» **Task to complete**:
For this exercise, output exactly and only the lines running from the one with "analisi-gnatologica-dr-g.petti-1501.jpg" through the final line of the data below, without pictures.

» **Information provided**:
+===+

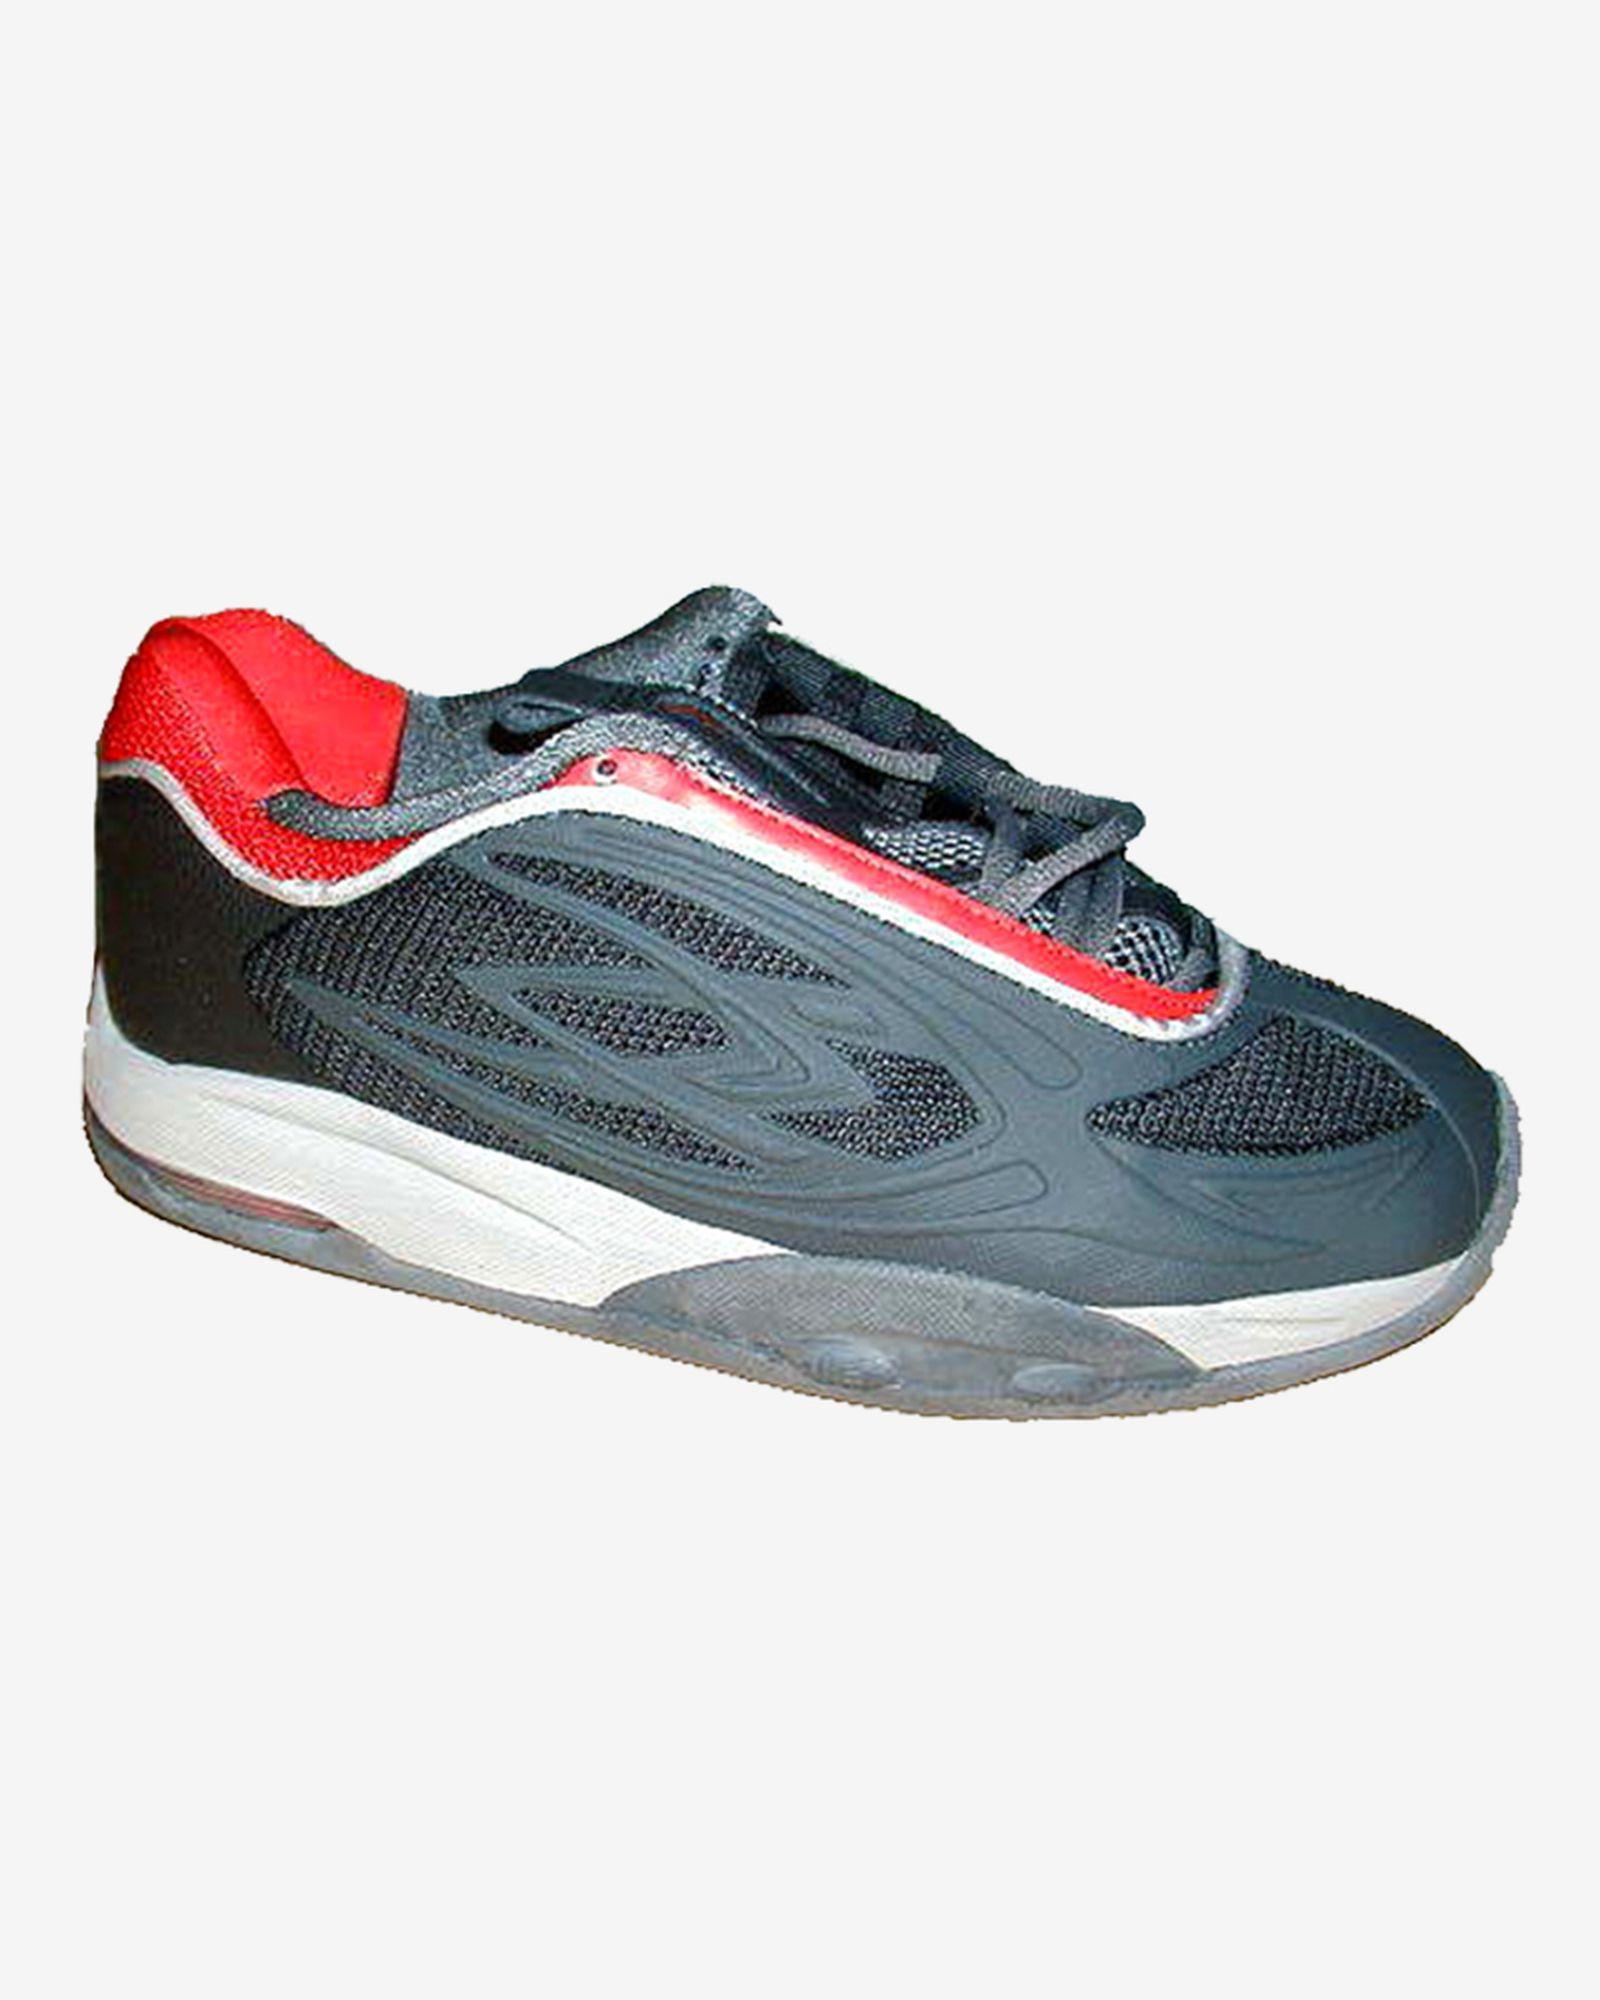 nike-sb-savier-skate-shoes-03
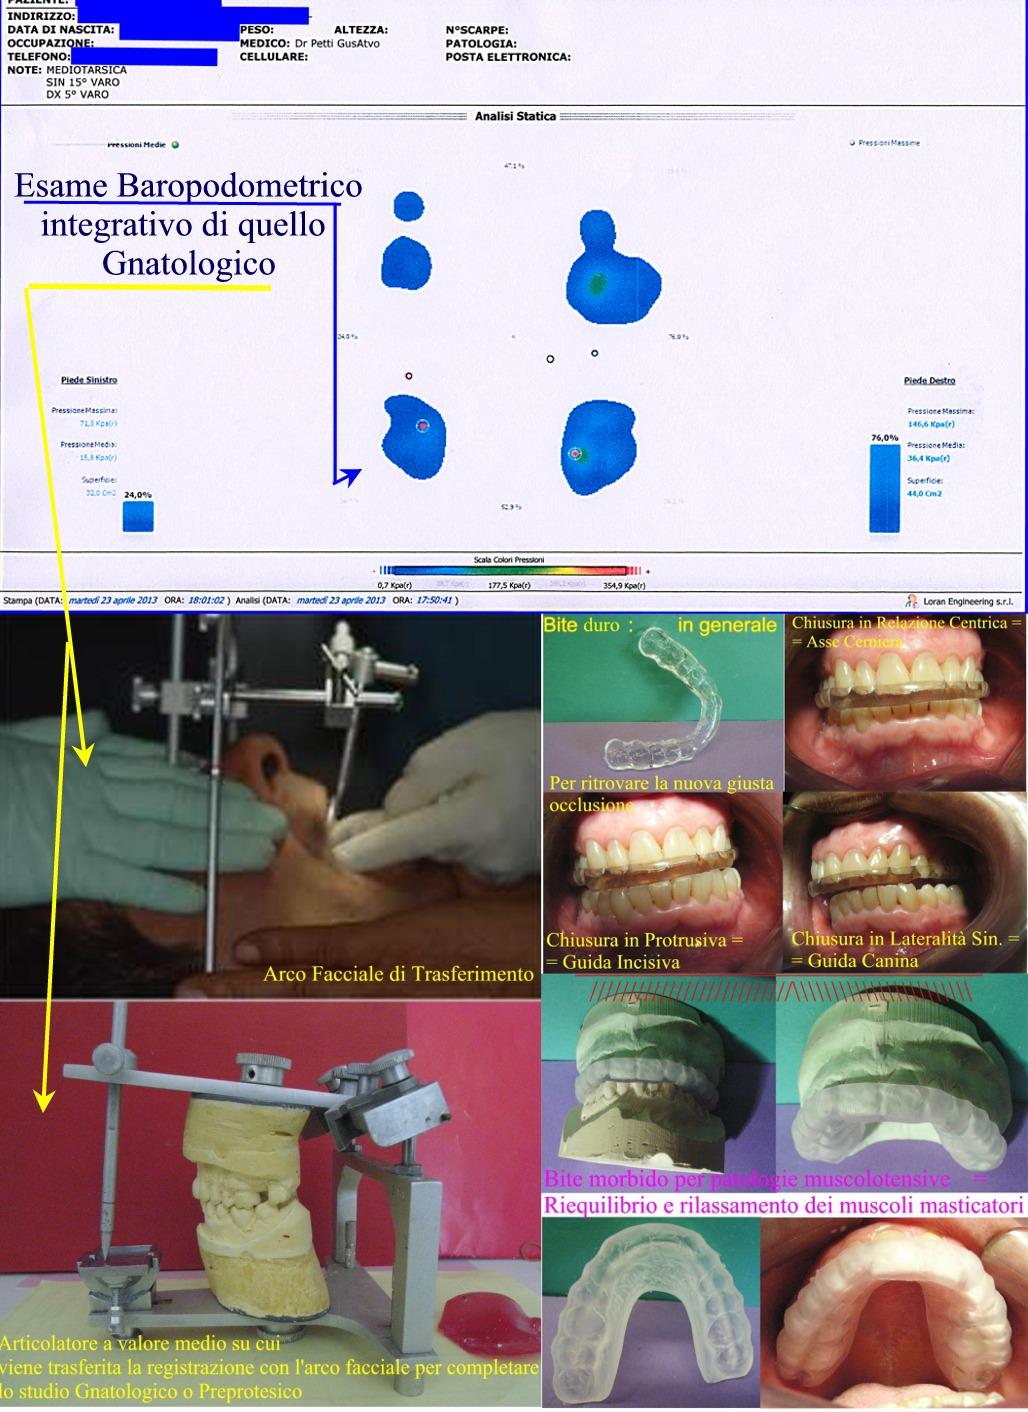 analisi-gnatologica-dr-g.petti-1501.jpg
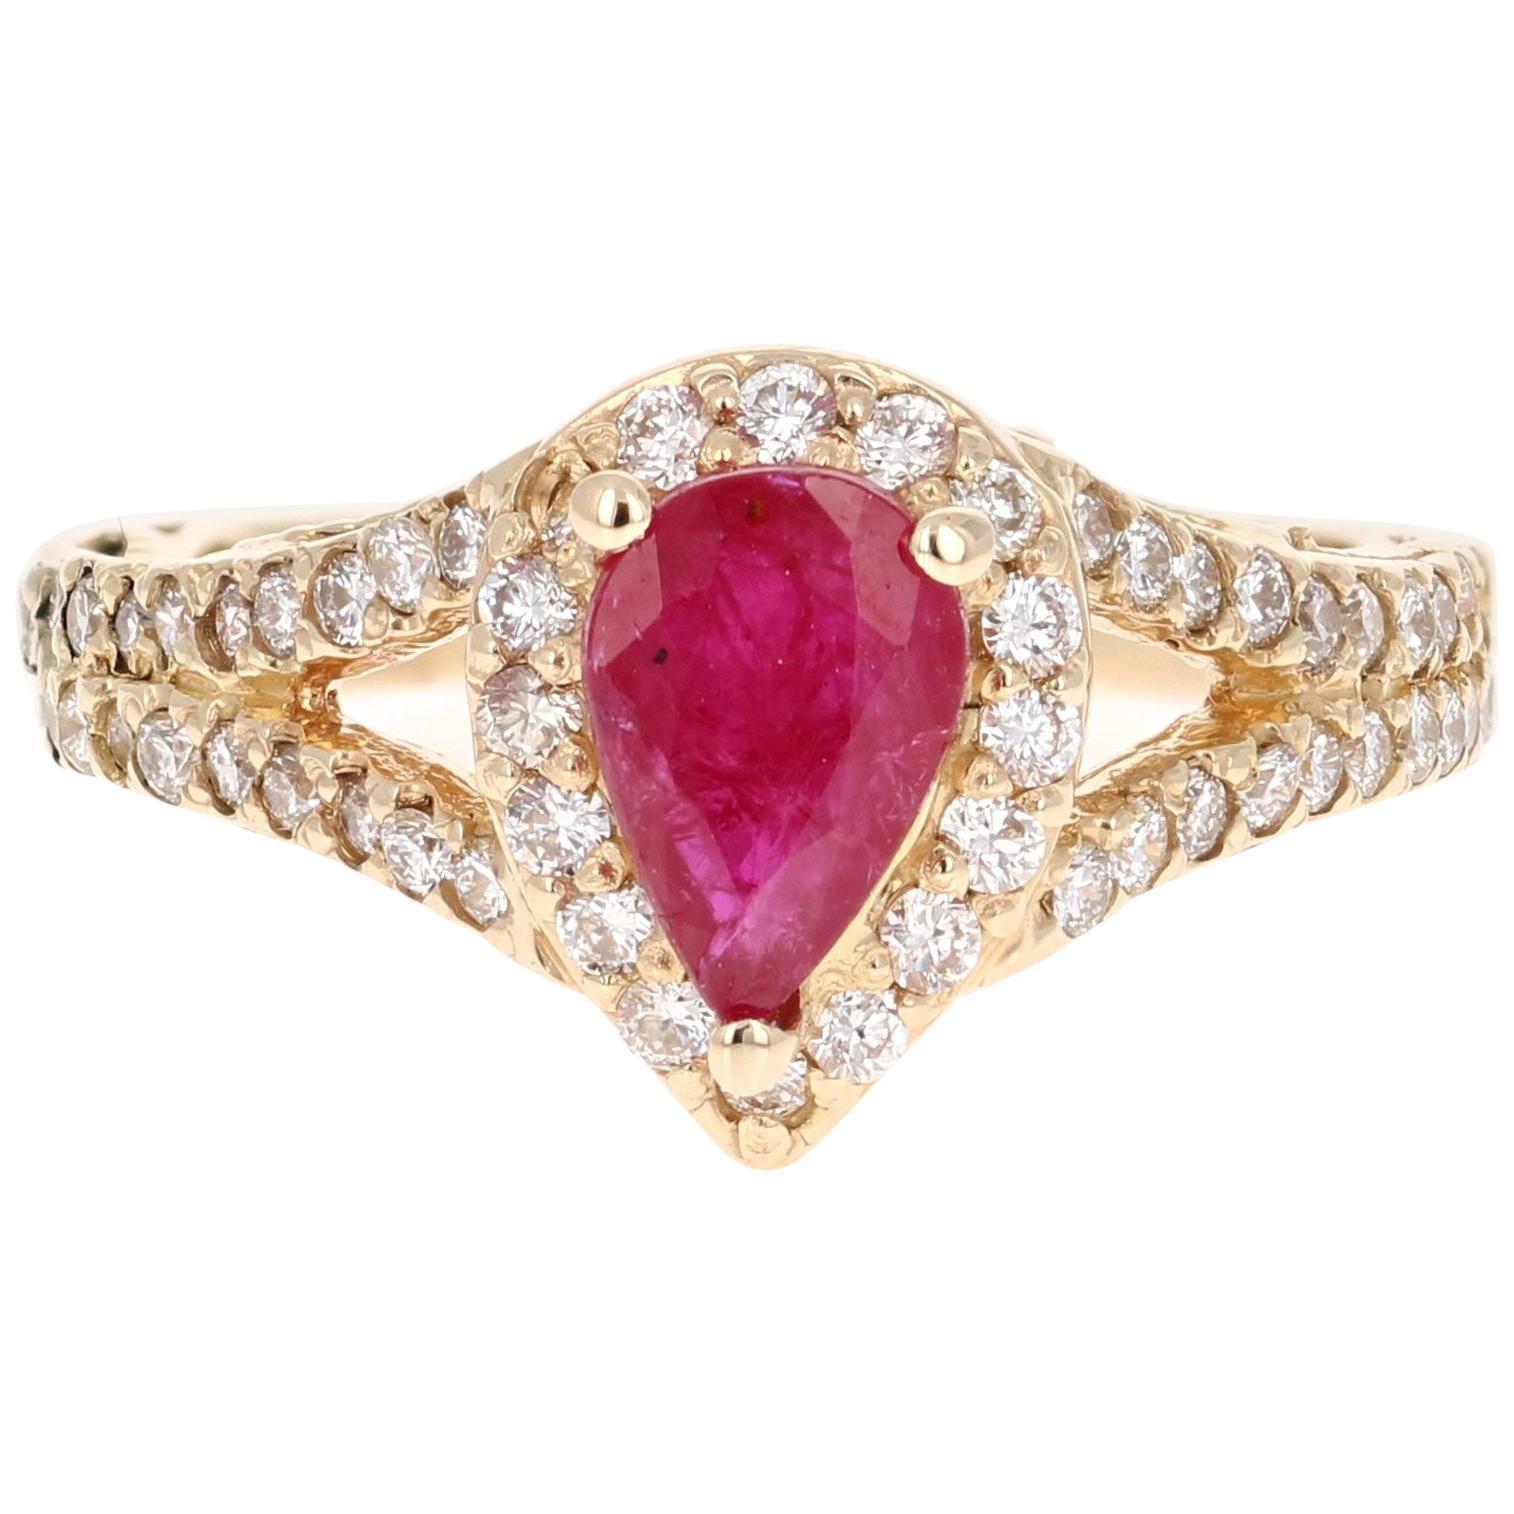 1.87 Carat Ruby Diamond 14 Karat Yellow Gold Ring

+===+

» **Reply to the exercise**:
 analisi-gnatologica-dr-g.petti-1501.jpg
 1.87 Carat Ruby Diamond 14 Karat Yellow Gold Ring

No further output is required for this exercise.